Звезда, которая посылает сигналы.
Рэйчел почти засмеялась. Абсурд. Полный, законченный абсурд. Звёзды – это термоядерные реакторы, гигантские шары плазмы, подчиняющиеся законам физики. Они не думают, не чувствуют, не общаются. Они просто горят, миллиарды лет, пока не кончится топливо.
Но симметрия в выбросах была реальной. Периодичность была реальной. И её синестезия – какой бы странной она ни была – никогда не обманывала её раньше. Каждая микротрещина, которую она находила. Каждый сбойный узел. Каждая аномалия, которую пропускала автоматика.
Она видела то, чего не видели другие. Всегда.
Что если на этот раз она тоже видит что-то реальное?
В 07:00 Рэйчел вышла из каюты и отправилась на утреннюю поверку. День предстоял обычный – обход секторов, проверка систем, отчёты. Рутина.
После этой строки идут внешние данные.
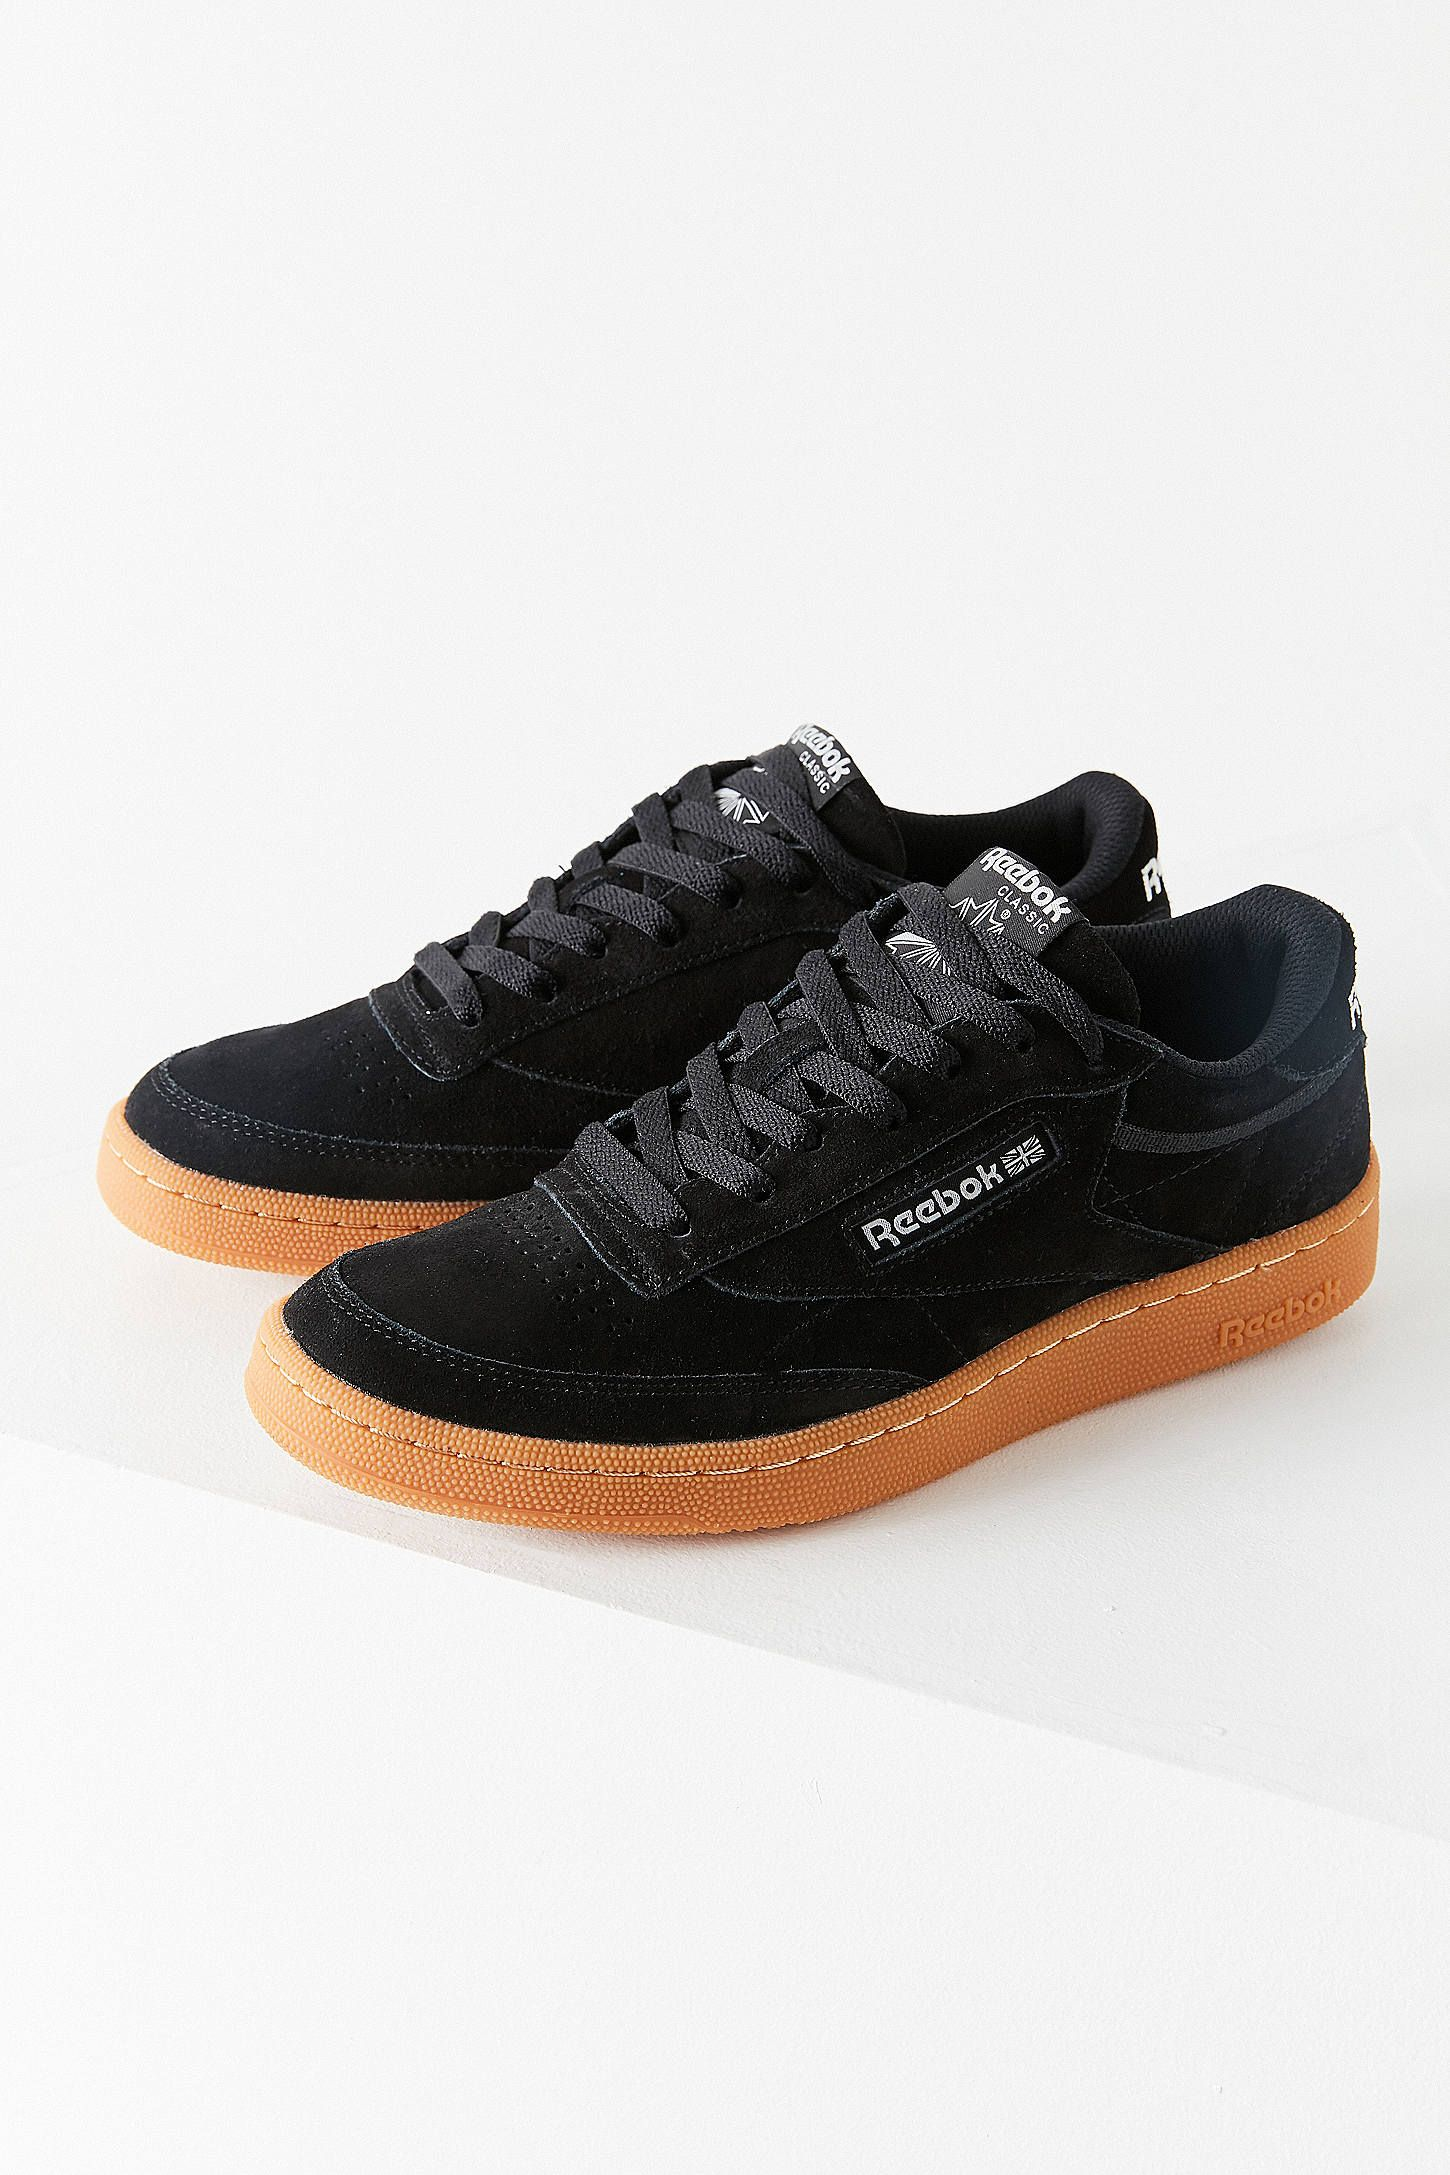 c8951bf9b Reebok Club C 85 MS Gum Sole Sneaker | Style | Reebok club c, Reebok ...
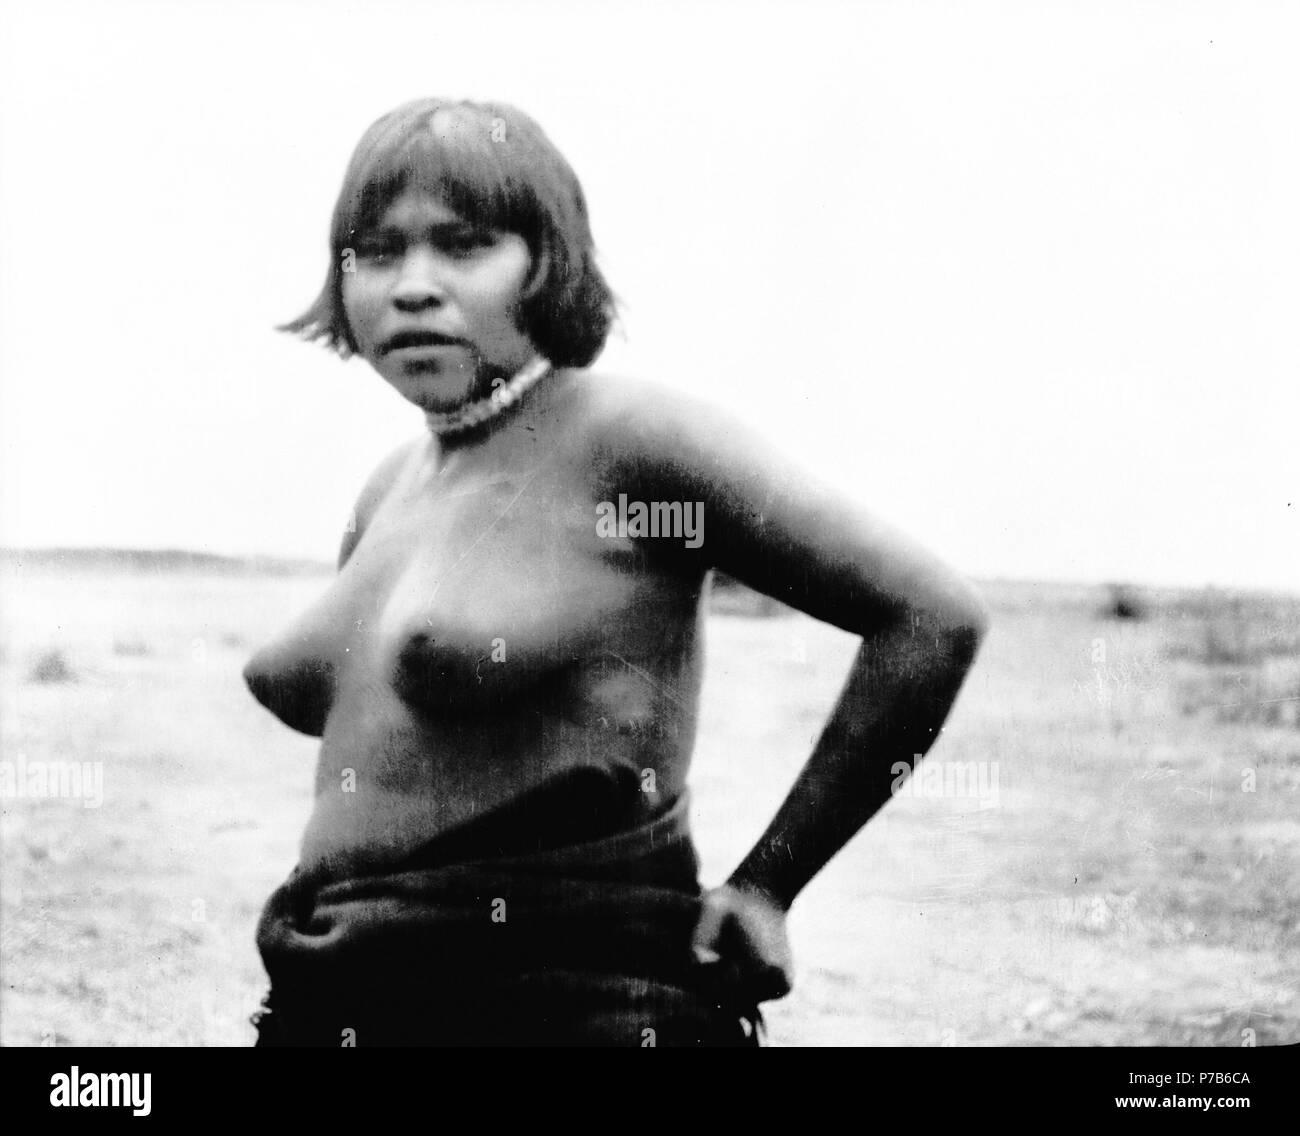 Svenska: Ung kvinna. Rio Pilcomayo, Bolivianska Chaco. Ashluslay, Nivaclé. Gran Chaco, Rio Pilcomayo; Bolivia. Hernmarckska expeditionen (1908–1909). English: Nivaclé people (Q3443961), Nivaclé people (Q3443961). The Hernmarck expedition (1908–1909). 1908 223 Ung kvinna. Rio Pilcomayo, Bolivianska Chaco. Gran Chaco, Rio Pilcomayo - SMVK - 004684 Stock Photo

Но где-то на задворках сознания, там, куда она старалась не заглядывать, уже формировалась мысль: сегодня ночью она вернётся в научный модуль. Соберёт больше данных. Построит модель.
И попытается понять, что происходит со звездой, которая – она была почти уверена – пыталась что-то сказать.
В коридоре она снова встретила Маркоса. Он выглядел бодрым и выспавшимся – привилегия молодости.
– Доброе утро, доктор Кимура! Лучше спали?
Рэйчел посмотрела на него. Открытое лицо, искренняя улыбка. Ни тени того, что отравляло её собственное существование.
– Да, – соврала она. – Спасибо, что спросили.
И пошла дальше, унося с собой тяжесть нераскрытой тайны.
Где-то позади неё – за стенами станции, за многослойными щитами, за миллионами километров холодного пространства – звезда Тау Кита продолжала гореть.
И пульсировать.
И ждать.

Глава 2: Паттерн
Неделя.
Семь дней Рэйчел жила двойной жизнью. Днём – обходы секторов, отчёты, короткие кивки коллегам в коридорах. Ночью – научный модуль, голографические экраны, данные, данные, данные.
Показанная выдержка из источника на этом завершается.